INPUT DATA:
****************

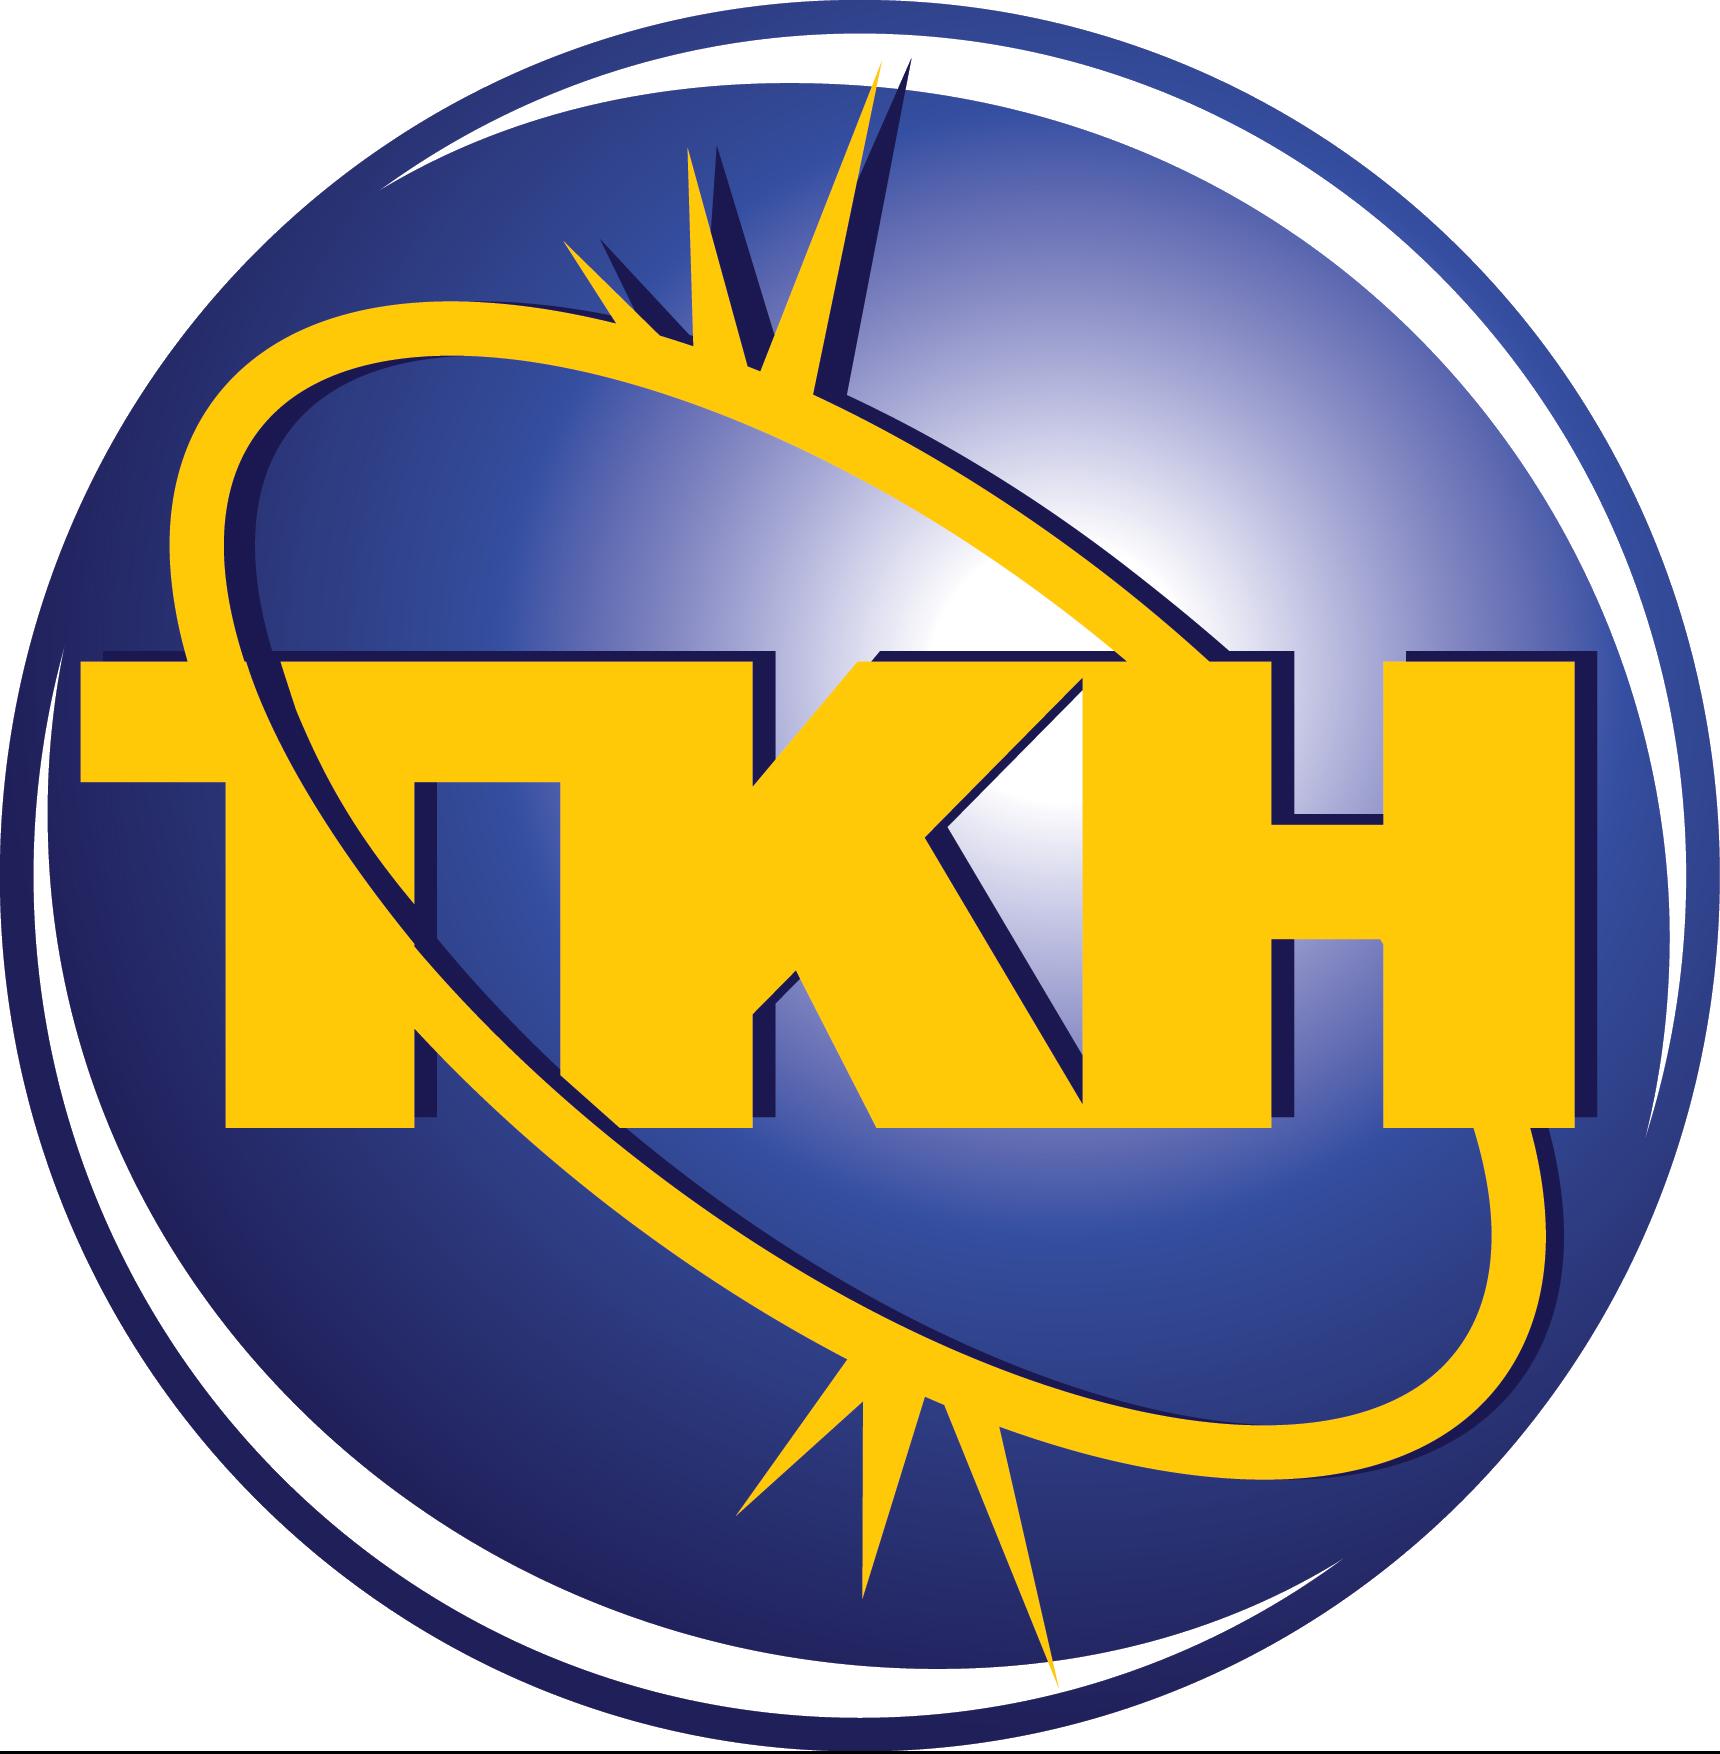 T.K.H
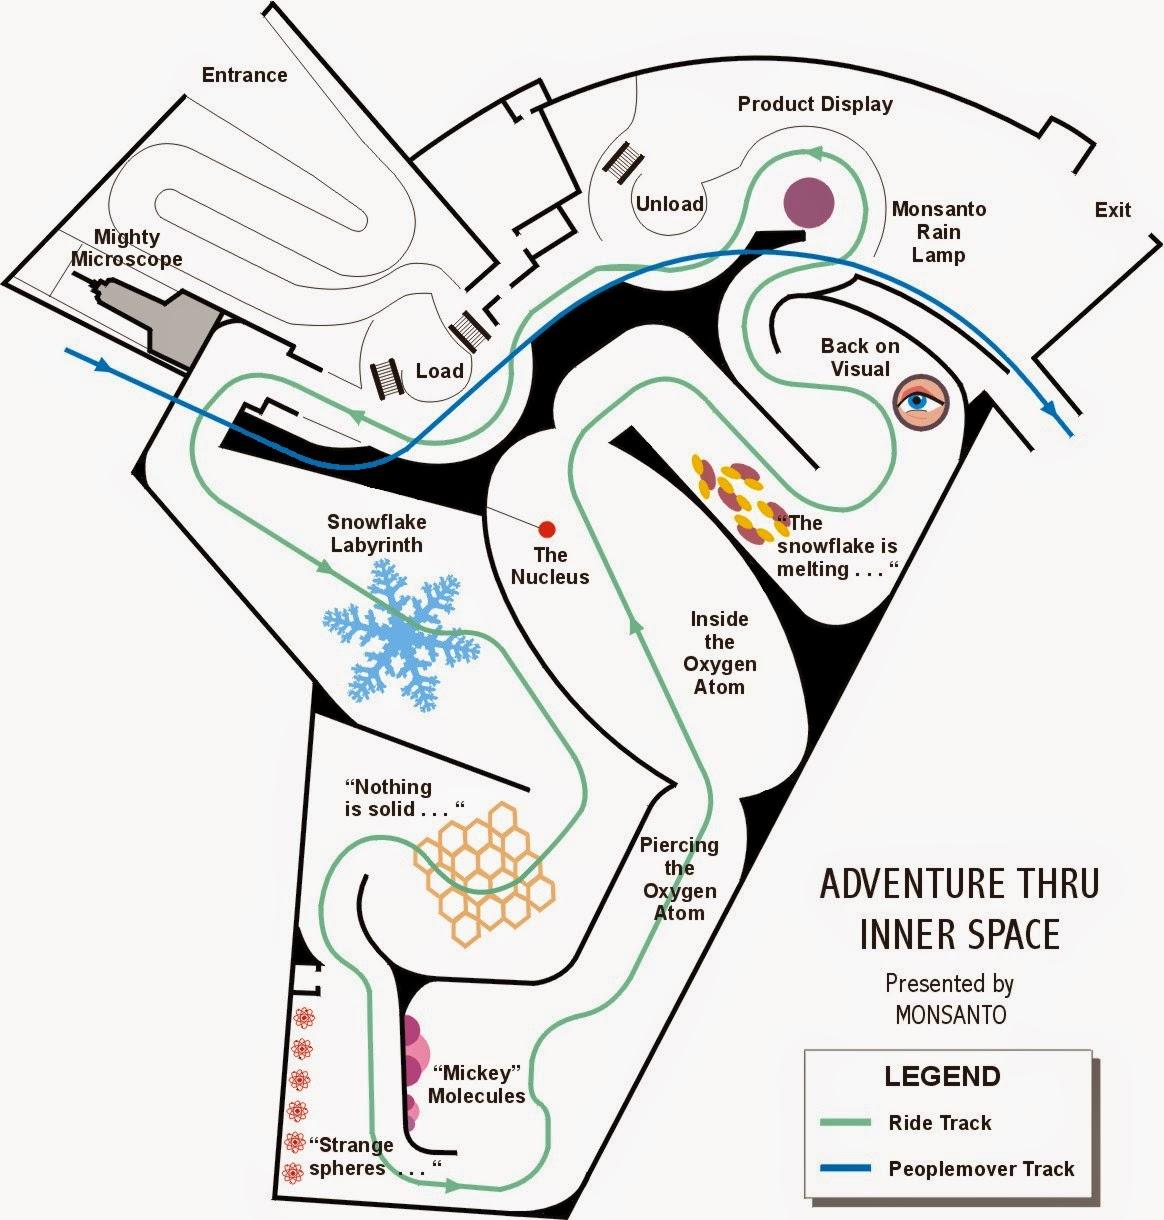 Disney Avenue Making Of Adventure Thru Inner Space
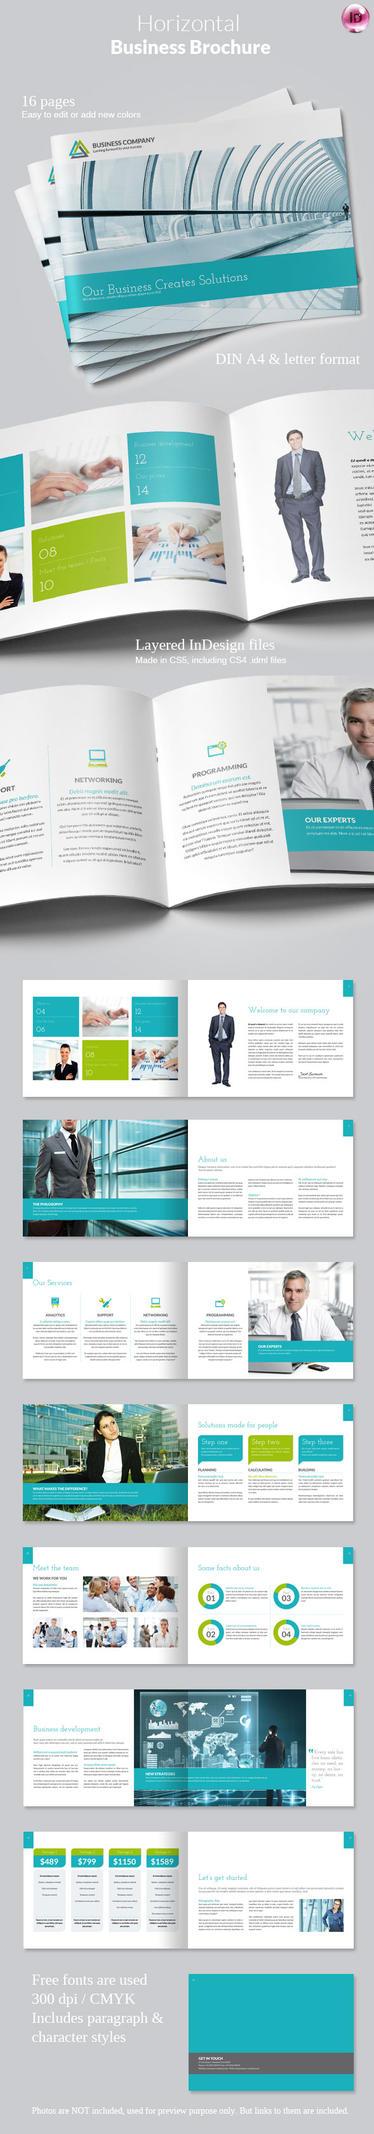 Horizontal business brochure by imagearea on deviantart for Horizontal brochure template

****************

TASK ITEM:
Copy out the whole listing exactly, and don't carry over any pictures.

EXERCISE RESULT:
 T.K.H
 Disney Avenue Making Of Adventure Thru Inner Space
 Horizontal business brochure by imagearea on deviantart for Horizontal brochure template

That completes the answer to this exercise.